Berlusconi’s background as a media mogul, not to mention his adventurous private life, aroused lasting suspicions. And his political style — defined by a certain directness in appealing to voters and a total disregard for the liturgy of politics — anticipated contemporary “populism.”
But the world is now welcoming back a new Berlusconi. No longer able to hold public office — a law bars people who have been sentenced to more than two years in jail — his name will nevertheless be on the ballot, written in large block letters in the logo of “Forza Italia,” when voters go to the polls next month. If Italians back his center‐right coalition, they will effectively be choosing him as its puppet‐master.
It’s easy enough to see why Italians may be drawn to Berlusconi out of nostalgia (though his tenure was by no means impeccable). What’s perhaps more surprising is that European partners and international observers seem to have developed a new sympathy for the scandal‐ridden former prime minister, whom they see as a safe card in next month’s election.
While he occasionally embraced some uncompromising, conservative positions (most recently on immigration, after a Nigerian man was accused of killing a young woman in Macerata), Berlusconi has for the most smoothed out his coalition partners’ rough edges. Under his influence, for example, the far‐right Northern League has stopped calling for Italy to leave the eurozone. And his attacks on the populist 5Star Movement — which he has called “a job center for the unemployable” — showed his willingness to confront that other homo novus of politics, Beppe Grillo.
What plays in Berlusconi’s favor is that, more than anything, what everyone wants from Italy is stability.
Foreign investors own 40 percent of Italian public debt — which stands at about €2.2 trillion — and have nothing to gain from further turmoil. The rest of the country’s debt is domestically owned, meaning domestic investors too, are interested in stability. Italy is a country of savers, with a high home ownership rate (70 percent) and a rapidly aging population.

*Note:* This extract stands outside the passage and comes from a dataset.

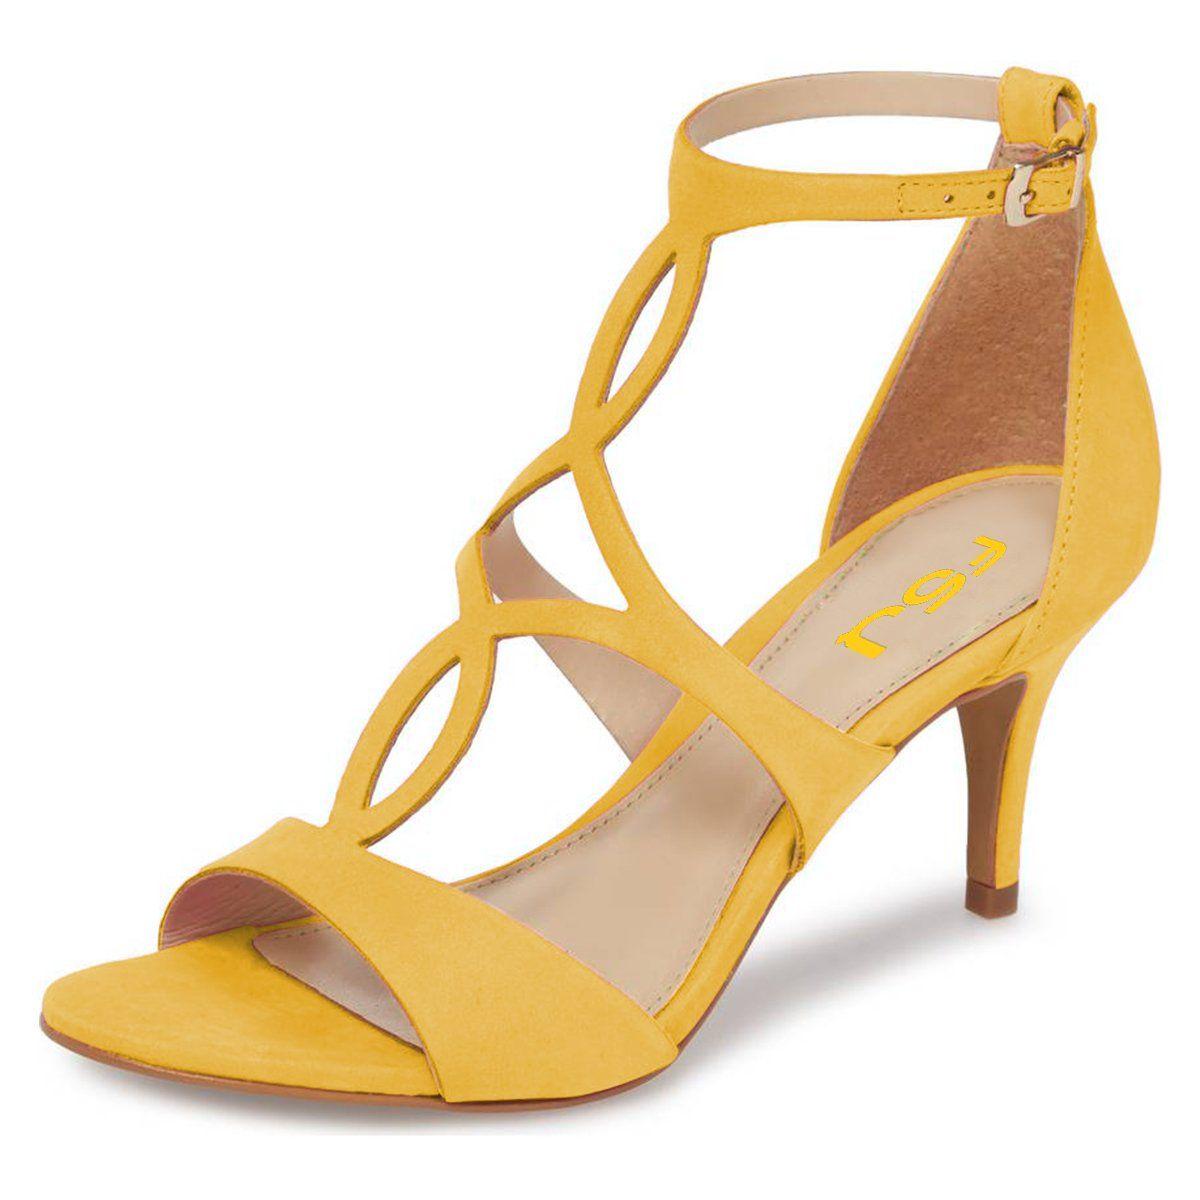 FSJ Women Fashion Ankle Strap Sandals Peep Toe Wedge High Heels Cutout Dress Shoes Size 4-15 US

In this context, Berlusconi — who has claimed that Italy should comply with the fiscal compact and cut taxes, but without raising the deficit — is starting to look like the “reliable” choice. His conflicts of interest, for once, strengthen this impression.

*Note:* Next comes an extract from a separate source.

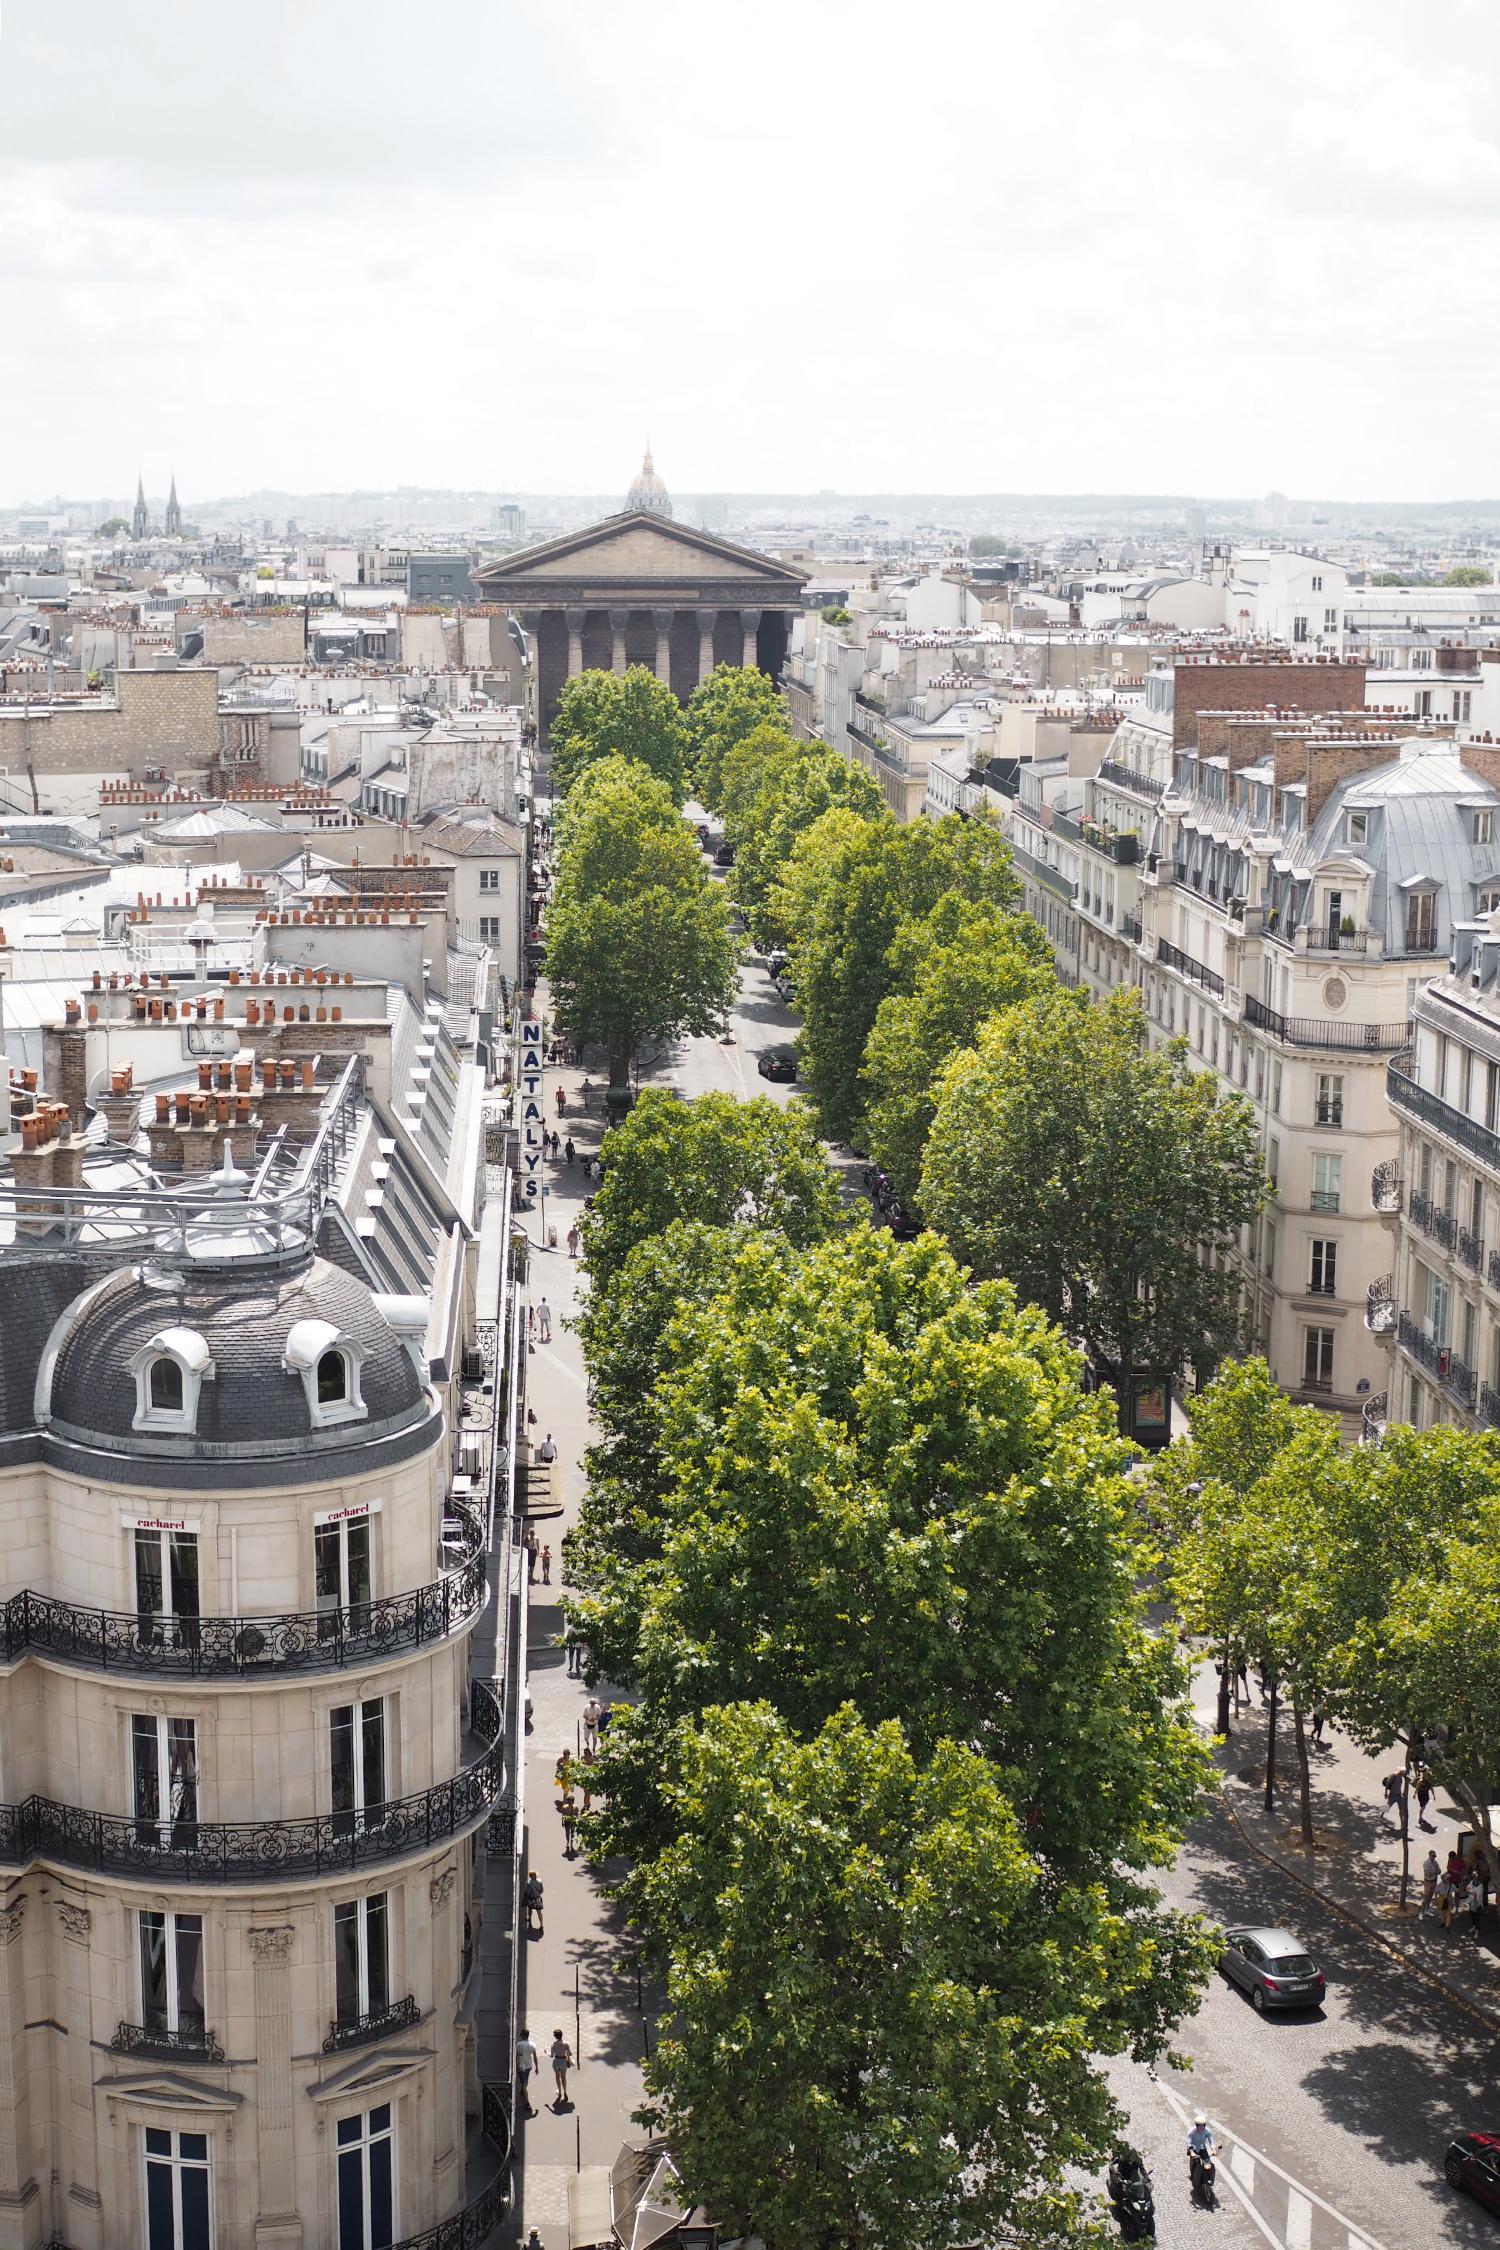 Char and the city, www.charandthecity.com, Pariisi, ravintola, suosittelu, vinkki

It’s not as crazy as it sounds. Berlusconi’s rhetoric may have been over the top, but the policies he put in place never were. This perhaps cost Italy the radical reforms it badly needed, but in times of heated populism, it could be reassuring.
When it comes to economic policy, Berlusconi was never very effective. His governments (2001–2006 and 2007–2009) tended to increase the budget deficit, before promoting cuts in their later years under market pressure. He may have promised to deregulate the Italian economy in every one of his electoral campaigns, but he didn’t achieve a permanent cut in red tape. He did cut some taxes, but selectively — he took aim at the death tax, and the property tax — and he didn’t show any Reaganesque impulse to take on productivity and the private sector. He attempted to challenge the power of the trade unions, too, but can hardly claim much success there either.